9 pointsby d3ckard7 hours ago4 comments
  • ai-tamer7 hours ago
    Same. The numbers match your feel. Going from 4.6 to 4.7: +14.6 on MCP-Atlas, +10.9 on SWE-bench Pro, tool errors cut by two-thirds. But BrowseComp dropped 4.7 points. Anthropic's own announcement says 4.7 "takes the instructions literally" where 4.6 interpreted them loosely, and recommends re-tuning prompts accordingly. In a conversational loop with an opinionated developer, that translates to less quality because less reasoning — the model executes instead of thinking through. https://llm-stats.com/blog/research/claude-opus-4-7-vs-opus-... https://www.anthropic.com/news/claude-opus-4-7
  • troglodytetrain7 hours ago
    Anthropic definitely appears to be heavily hamstringing the LLM response quality as a sort of rate limiting implementation.

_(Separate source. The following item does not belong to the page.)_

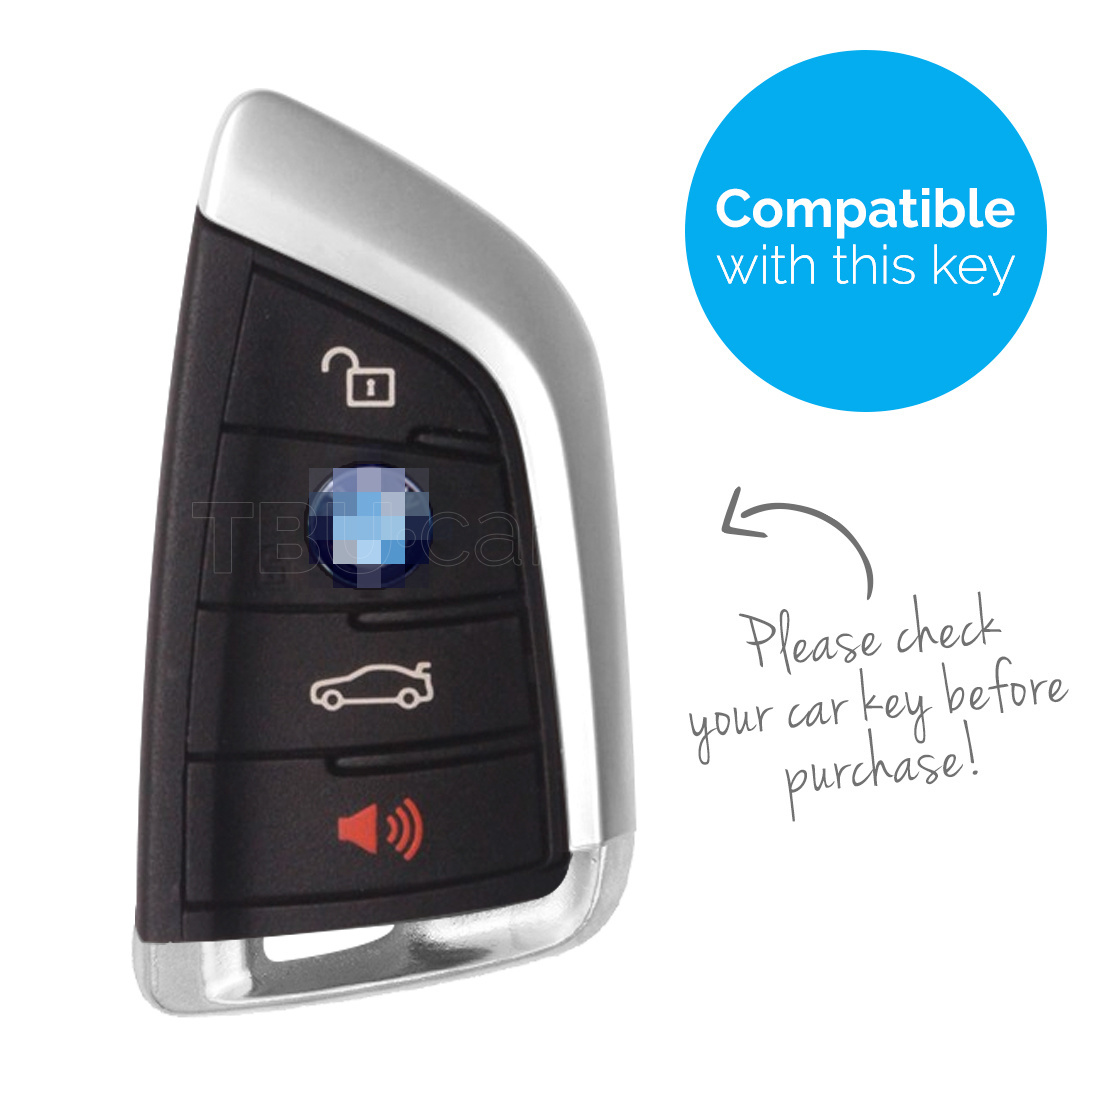 TBU car BMW Sleutel Cover - Silicone sleutelhoesje - beschermhoesje autosleutel - Blauw

    I've built my own custom coding harness at my slow corp job, as for some reason they give us unlimited Anthropic tokens here but only if used from their custom bespoke 'chatgpt' derivative website. However, since they expose the backend Api directly due to the questionable design decision of making all backend api calls via javascript on the client side, it has been possible to actually leverage these unlimited tokens via my 'openclaw we have at home' and its been a fun project.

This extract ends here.